Fee Schedule

Indiana will have a workers compensation medical fee schedule beginning 07/01/14. A billing review service must adhere to IC § 22-3-3-5.2.

Reimbursement to medical service facility based on Medicare’s reimbursement rate

HEA 1320 enacted legislation governing payments made under the Act by an employer or an employer’s insurance carrier to a medical service facility beginning July 1, 2014. Under the Act, medical service facility is defined as only the following: (1) a hospital (as defined in Ind. Code § 16-18-2-179); (2) a hospital-based health facility (as defined in Ind. Code § 16-18-2-180); or (3) a medical center (as defined in Ind. Code § 16-18-2-223.4). Ind. Code § 22-3-6-1(j). The legislation imposed a fee schedule that places a cap on reimbursement at 200 percent of Medicare’s reimbursement rate for treatments or procedures by a medical service facility to a workers compensation claimant. Id. at § 22-3-3-5.2(b)(2); see also § 22-3-6-1(k)(2)(B) (defining pecuniary liability). Such fee schedule is applicable unless the amount of reimbursement is otherwise negotiated between the medical service facility and any of the following: (1) the employer; (2) the employer’s insurance carrier; (3) a billing review service on behalf of the employer or the employer’s insurance carrier; or (4) a direct provider network that has contracted with the employer or the employer’s insurance carrier. Id. at § 22-3-3-5.2(b)(1); see also § 22-3-6-1(k)(2)(A) (defining pecuniary liability).

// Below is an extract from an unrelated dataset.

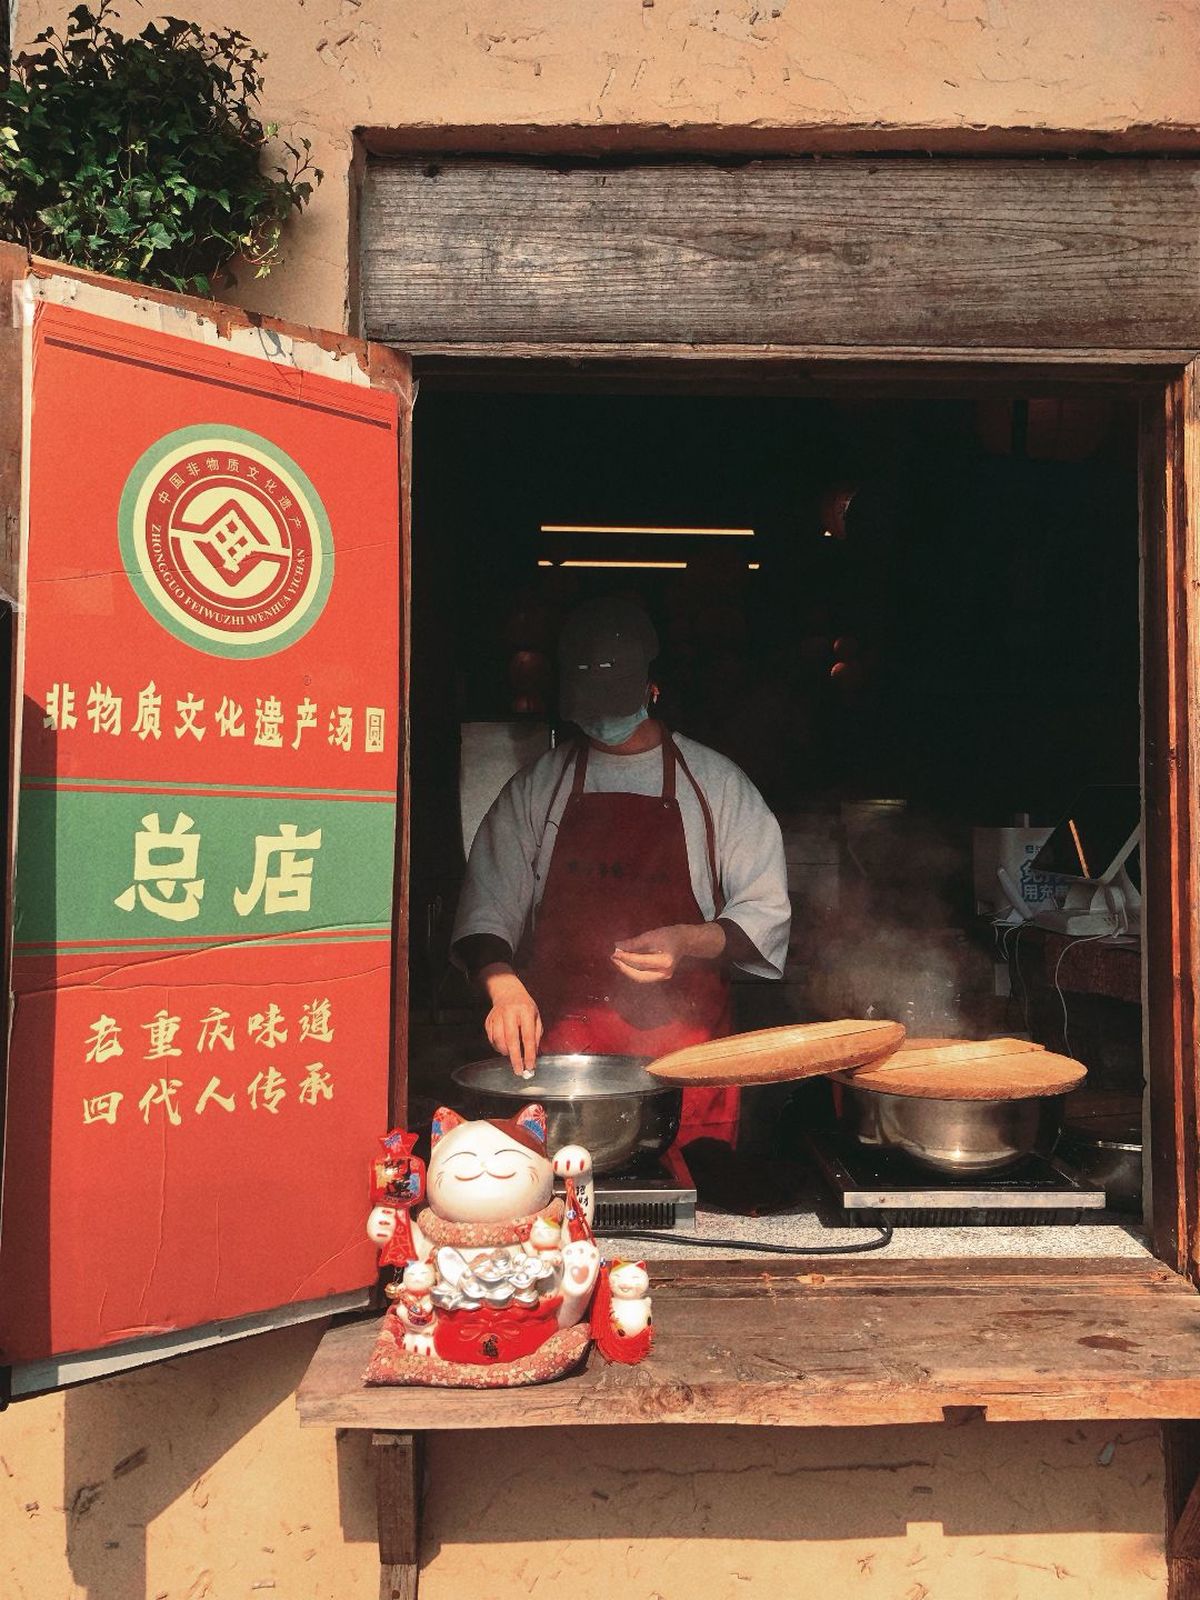 一个站在小建筑外面用锅铲烹饪食物的男子
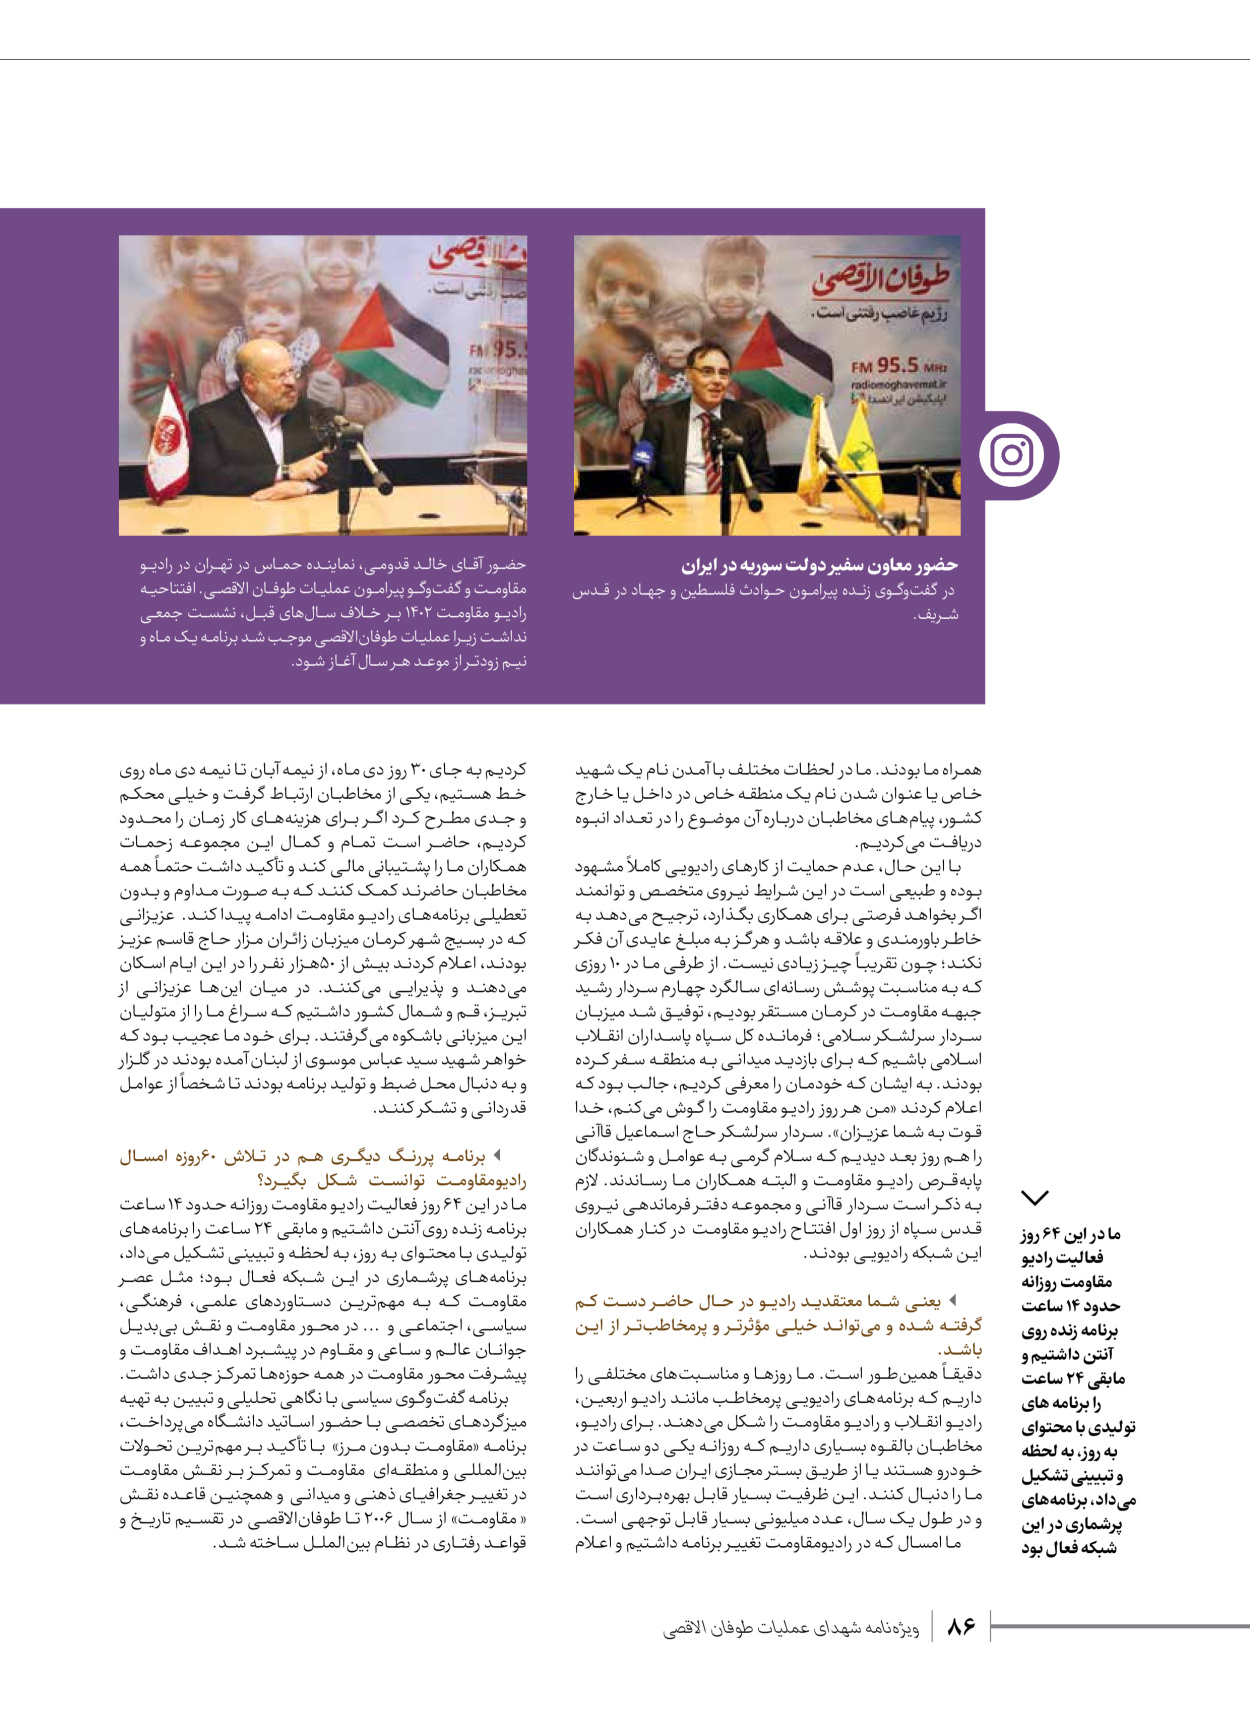 روزنامه ایران - ویژه نامه شهدای قدس ۳ - ۱۴ بهمن ۱۴۰۲ - صفحه ۸۶

Even after this new reimbursement rate takes effect July 1, 2014, medical service providers, such as physicians, will continue to be reimbursed pursuant to the 80th percentile reimbursement rate that is already established by the Act. Based on the law, medical service provider is now defined as “a person or entity that provides services or products to an employee under IC 22-3-2 through IC 22-3-6.” Id. at § 22-3-6-1(i). The relevant portion of the Act reads:

This subdivision applies before July 1, 2014, to all medical service providers, and after June 30, 2014, to a medical service provider that is not a medical service facility. Payment of the charges in a defined community, equal to or less than the charges made by medical service providers at the eightieth percentile in the same community for like services or products.

Id. at § 22-3-3-5.2(a)(3); see also § 22-3-6-1(k)(1) (defining pecuniary liability).​

Services Provided Outside Indiana

Because Indiana had no fee schedule and the statute did not contemplate medical services provided outside of the State of Indiana, it appeared that “usual and customary” was the only applicable standard available, if the claim or case was under Indiana’s jurisdiction.